Paulund
2014-02-19 #wordpress

Debug WordPress Cron Jobs

In WordPress you can setup scheduled tasks that allow you to run a certain action at a scheduled time in the day. As this runs a set action you can perform a number of tasks at the same time. To setup the scheduled tasks all you have to do is use the WordPress function of wp_schedule_event(). The schedule event function takes 4 parameters.

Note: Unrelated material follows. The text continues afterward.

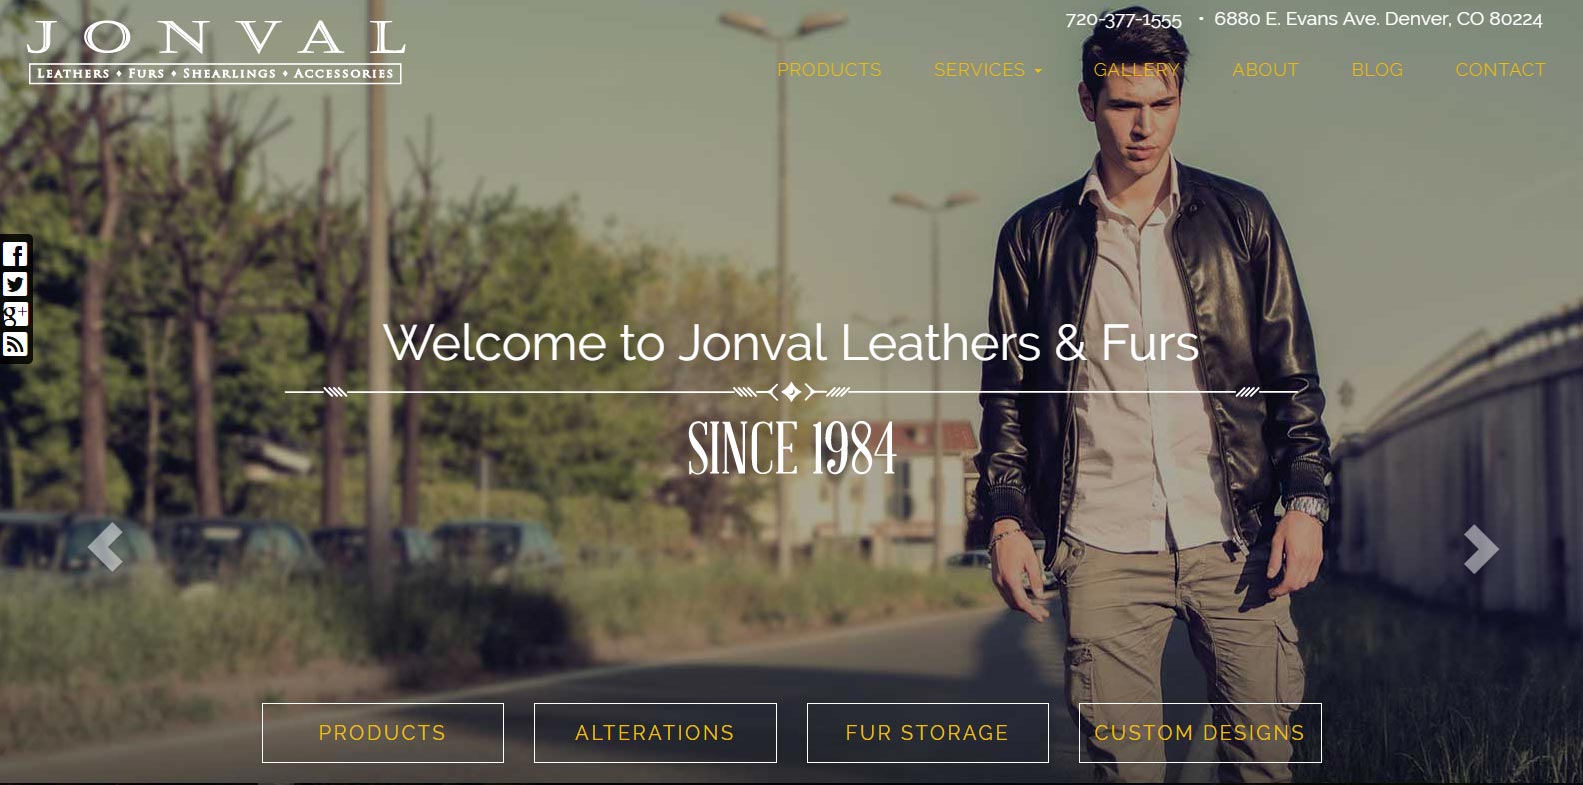 
Site Upgrade Launched: Jonval Leather

<?php wp_schedule_event($timestamp, $recurrence, $hook, $args); ?>

  • $timestamp - This must be the timestamp of the first time you want this task to run.
  • $recurrence - How often you want this to run, hourly, daily, monthly, etc.
  • $hook - The hook that you want to run on the scheduled event.
  • $args - Any additional arguments that you want to send through to the hook.

Once these are setup, they will run forever until you turn them off, so make sure you are only performing tasks that you will continuously need to run. If the task that you need to perform is relatively resource heavy then you should make sure you perform these tasks during your website's less busy times. While in development what would happen if you face problems with the code you you wrote for the action, what if you tried using an undefined variable? Your script will break but you won't know about it because your script will run outside of the application and you will never see the error. There is a way that you can manually run all the scheduled tasks that you have setup in WordPress, just go to the URL http://www.example.com/wp-cron.php?doing_cron. This will start all the scheduled tasks so you can see any errors that can happen in your script.


http://www.example.com/wp-cron.php?doing_cron

Turn Off WordPress Cron Jobs

If you want to turn off any cron jobs while you are debugging the system then you can do so by putting the following code in the wp-config.php.


define('DISABLE_WP_CRON', true);

Now you can manually call your cron jobs without them automatically running.